Un’altra preoccupazione diffusa riguarda la possibilità che i transgeni possano diventare parte del patrimonio ereditario del consumatore. In realtà nel tratto intestinale il DNA viene rapidamente degradato. Malgrado questo, le cellule dello stomaco e dell’intestino potrebbero assorbire frammenti di DNA di grandezza tale da contenere un gene ([8], [6], [7]). Non è scientificamente credibile però, che il DNA assorbito ed eventualmente integrato nei cromosomi di una cellula intestinale possa raggiungere altre cellule e addirittura la linea germinale ([21]). Inoltre, le prove condotte fino ad ora hanno dimostrato che il transgene non è stato trovato in cellule di bovini alimentati con prodotti GM ([8]).

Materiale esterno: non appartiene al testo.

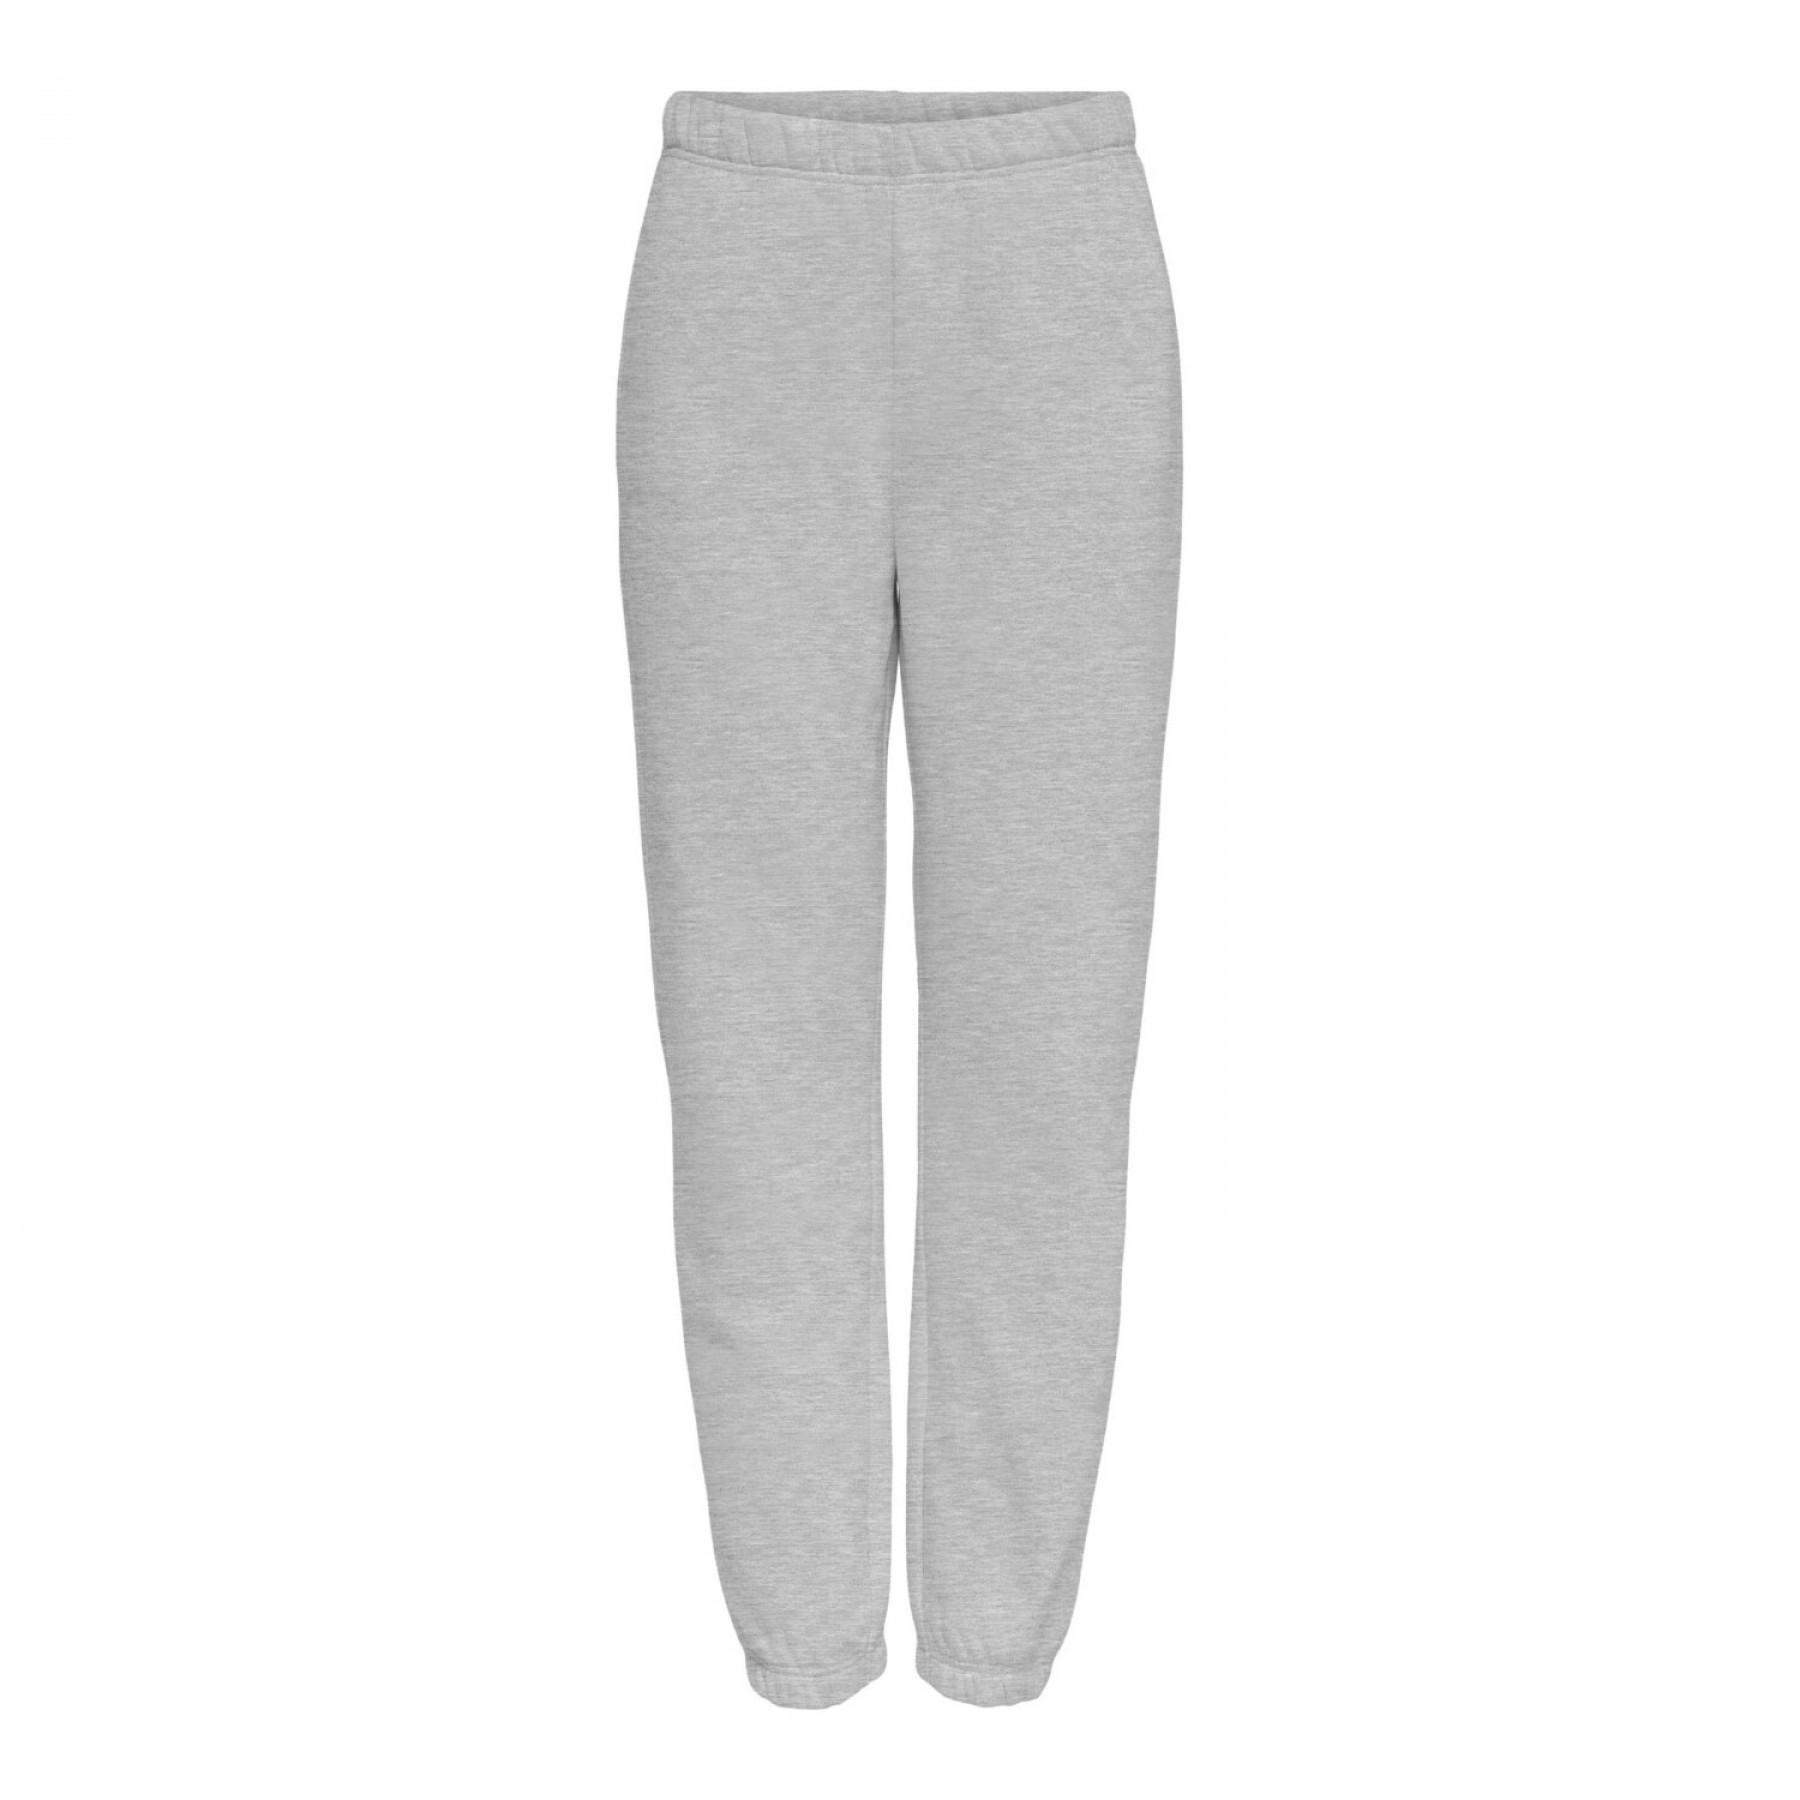 Women's trousers Only onldreamer lifeat

Tra le diffidenze dell’opinione pubblica verso i progressi della scienza e le innovazioni tecnologiche emerge il problema degli OGM. Pur comprendendo che la materia investe non solo considerazioni di tipo scientifico ma anche sociali, etiche, politiche ed economiche, sembra evidente che una delle cause di tale diffidenza risieda nella mancanza di informazione imparziale e nella diffusione di notizie prive di qualunque fondamento scientifico. La pubblicità di una nota catena di supermercati, per esempio, recita “I nostri prodotti non contengono cose strane come gli OGM”. Forse non sarebbero così “strane” se nell’opinione pubblica fosse stata diffusa la consapevolezza che l’umanità persegue fin dagli albori della civiltà il potenziamento della produzione di alimenti vegetali e che le piante verdi, attraverso la fotosintesi, utilizzano per le loro funzioni l’energia più gratuita e rinnovabile: quella solare. L’ingegneria genetica può contribuire ad un processo che assicuri, garantita la sicurezza d’uso nei confronti dell’uomo e dell’ambiente, la costituzione di nuove varietà che consentano aumenti di produzione con minor impiego di prodotti di sintesi chimica (fitofarmaci, fertilizzanti e diserbanti). Inoltre bisogna considerare che l’aumento della resistenza per via tecnologica ai parassiti e agli stress ambientali è di immediata percezione per il coltivatore ma non per il consumatore del prodotto ([9]). Un caso illuminante riguarda la dispersione dei semi: in natura i semi vengono dispersi velocemente, mentre per il coltivatore è desiderabile che i semi rimangano sulla spiga. Se non ci credete provate a raccogliere un quintale di mais come pannocchie sulla pianta oppure come singoli chicchi a terra, magari dopo un bel temporale! ([16]). Un’altra caratteristica poco nota delle piante coltivate è che generalmente contengono una quantità ridotta di pesticidi naturali, rispetto a quelle selvatiche, che sono sì dannosi per gli insetti e i patogeni ma anche per l’uomo: un esempio? Provate a mangiare dei semi di ricino! ([16])

Sembra appropriato concludere con una citazione di un noto fisico, Richard Feynman ([10]), “La scienza è ciò che abbiamo imparato circa il fatto di non prendersi in giro”.